Their impact was horrendous, there was no other word for it, burning heat and sheer brute force tearing harshly into his shields, and the noise was unimaginable, it was like being inside a cannon when it went off while a thousand banshee’s screamed their evil inside his eardrums, and it was all he could do not to simply fall to the ground curl up into a ball, cover his ears and scream for mercy, yet somehow his shield seemed to hold, though it took him a little while to realise it. Then when he did, he watched with relief as all of the fireballs seemed to finally fizzle and then evaporate off the huge dome he’d erected, an inferno of black and orange flames barely a hundred feet above their heads, just as their makers levelled out of their dives to fly overhead. He wasn’t the only one to breath a deep sigh of relief at the sight of them leaving.
“Keep firing!” The captain was yelling his head off though he could barely hear him over the ringing in his ears, and Marjan watched with a sense of deep gratitude as surely a hundred arrows flew from all around him, rising like an army of vengeance to meet the enemy. Only half a dozen of them were lightning arrows as only the druids had the magic to release them, but as before they worked perfectly, sending half a dozen more of the beasts crashing into the ground in a series of minor explosions somewhere in the distance. At least the rest were enchanted as well for speed, accuracy and penetration, and many of the surviving beasts he could see flying past them with arrows sticking out of them like spines on a cactus. Surely they hurt. That was all the time he had to hope as he concentrated on restoring the strength and order to the vast invisible dome above them, knowing that these beasts would be back and he had to be ready for them.

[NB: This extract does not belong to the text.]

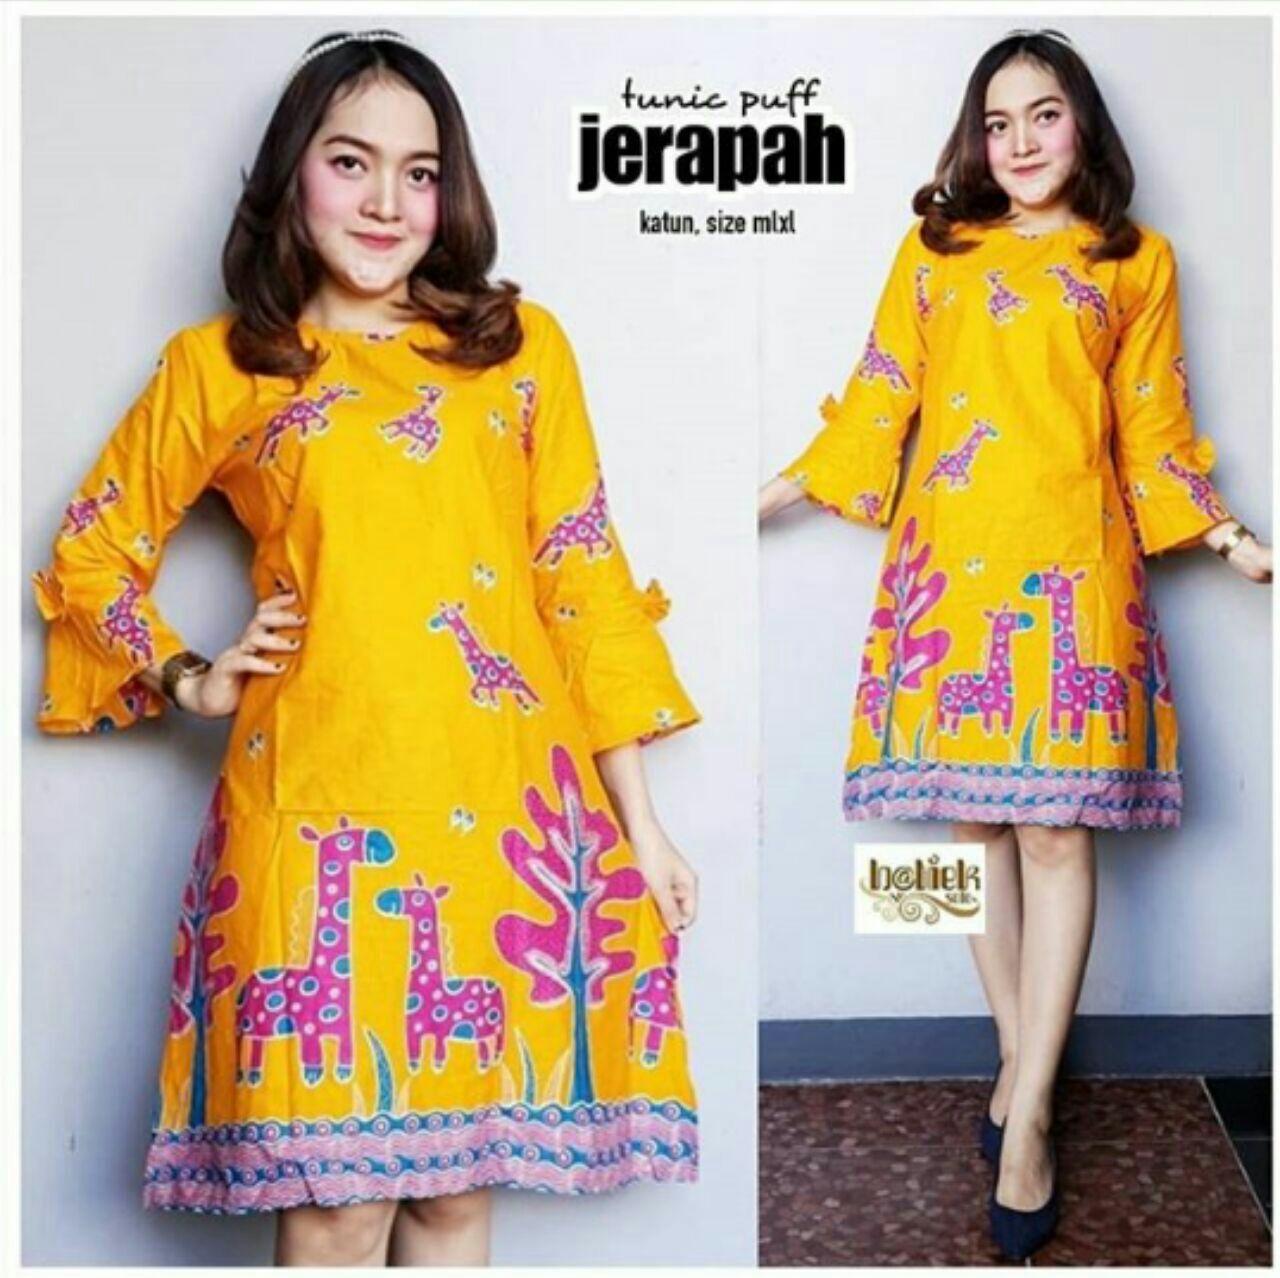 Atasan Wanita Tunik Batik Atasan Batik Wanita Baju Batik Kerja Seragam  Kantor 131731a048

He wasn’t wrong as he watched the swarm of wyverns wheel in the sky like a flock of swallows in perfect formation, before returning to the attack. As before they began with the black fire and once more the impact was impossibly loud as they blasted on to his shield of vitality and then seemingly exploded and fizzled away too close for comfort, but this time they added some more to the attack, as a score of them chose to try and dive right through his shield of force even as the fire was dissipating. It was a mistake.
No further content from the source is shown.